Gene expression studies

First, the total RNA was extracted from cell-seeded scaffolds and 2D cultures using the Direct-zol RNA MiniPrep kit followed by reverse-transcription of the extracted RNA to synthesize cDNA using random primers, M‐MLV reverse transcriptase (Promega) on a thermal cycler (Applied Biosystems). Next, we performed real-time polymerase chain reaction was using cDNA, SYBR Green dye, forward primer, reverse primer on a 7500 Fast Real-Time System (Applied Biosystems). The thermal profile used for the run was comprised of a holding stage (2 min at 50 °C, 10 min at 95 °C) and a cycling stage (40 cycles of 15 s at 95 °C, and 1 min at 60 °C). The mRNA expression of Neural-Wiskott-Aldrich syndrome protein (N-WASP), cell division control protein 42 homolog (CDC42), ARP2, ARP3, cortactin (CTTN), E-cadherin (CDH1), and cofilin-2 (CFL2) were quantified and normalized to housekeeping gene glyceraldehyde-3-phosphate-dehydrogenase (GAPDH). The relative expression of mRNAs was determined using the comparative Ct method (2−ΔΔCt). Table S1 lists the sequence of primers used. All the experiments were repeated on triplicate samples.
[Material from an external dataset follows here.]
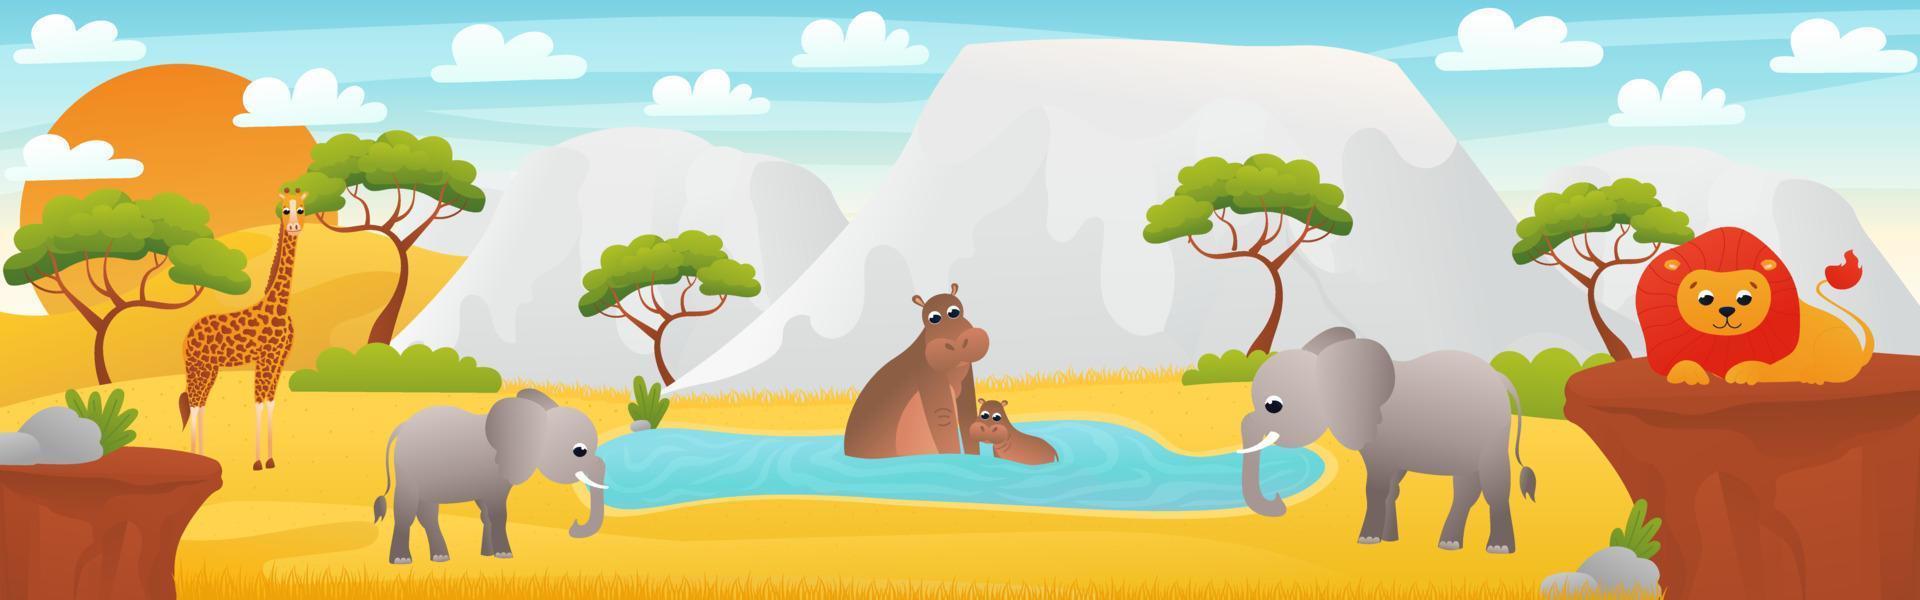 paisaje africano con lindos animales de dibujos animados - elefante, hipopótamo sentado en agua y león, banner web con escena de sabana, exploración del desierto africano, afiche horizontal del zoológico para imprimir vector

Immunofluorescence staining

Cells grown on scaffolds and 2D cultures were fixed with paraformaldehyde, 4% in PBS for 30 min, permeabilized with TritonX-100, 0.2% in PBS for 5 min, and blocked with FSG, 0.2% in PBS for 45 min. The samples were then incubated overnight at 4 °C with primary antibody diluted in a blocking buffer (0.2% FSG in PBS containing 0.02% Tween20) at a dilution of 1:150. Next, the samples were incubated with Alexa Flour 488 conjugated secondary antibody corresponding to the origin of the primary antibody used for 45 min at 25 °C. The actin cytoskeleton and Nuclei were stained with Rhodamine Phalloidin and DAPI, respectively. The stained samples were observed under Zeiss AxioObserver.Z1 LSM 700. Images were processed with ImageJ software and the quantitative analysis of both F-actin and α-tubulin fluorescence was performed on at least 5–6 cells for each sample evaluated by calculating the corrected total cell fluorescence (CTCF) of each signal as follows:

CTCF = Integrated density of selected cell—(Area of selected cell × Mean fluorescence of background).

Statistical analysis

Data are reported as mean ± SD. Statistical significance (p-value) among multiple comparisons was determined using one-way ANOVA followed by the post hoc Tukey test, whereas Student’s unpaired t-test was used to determine statistical significance (p-value) between two groups, using GraphPad Prism v7.04. p < 0.05 was considered statistically significant.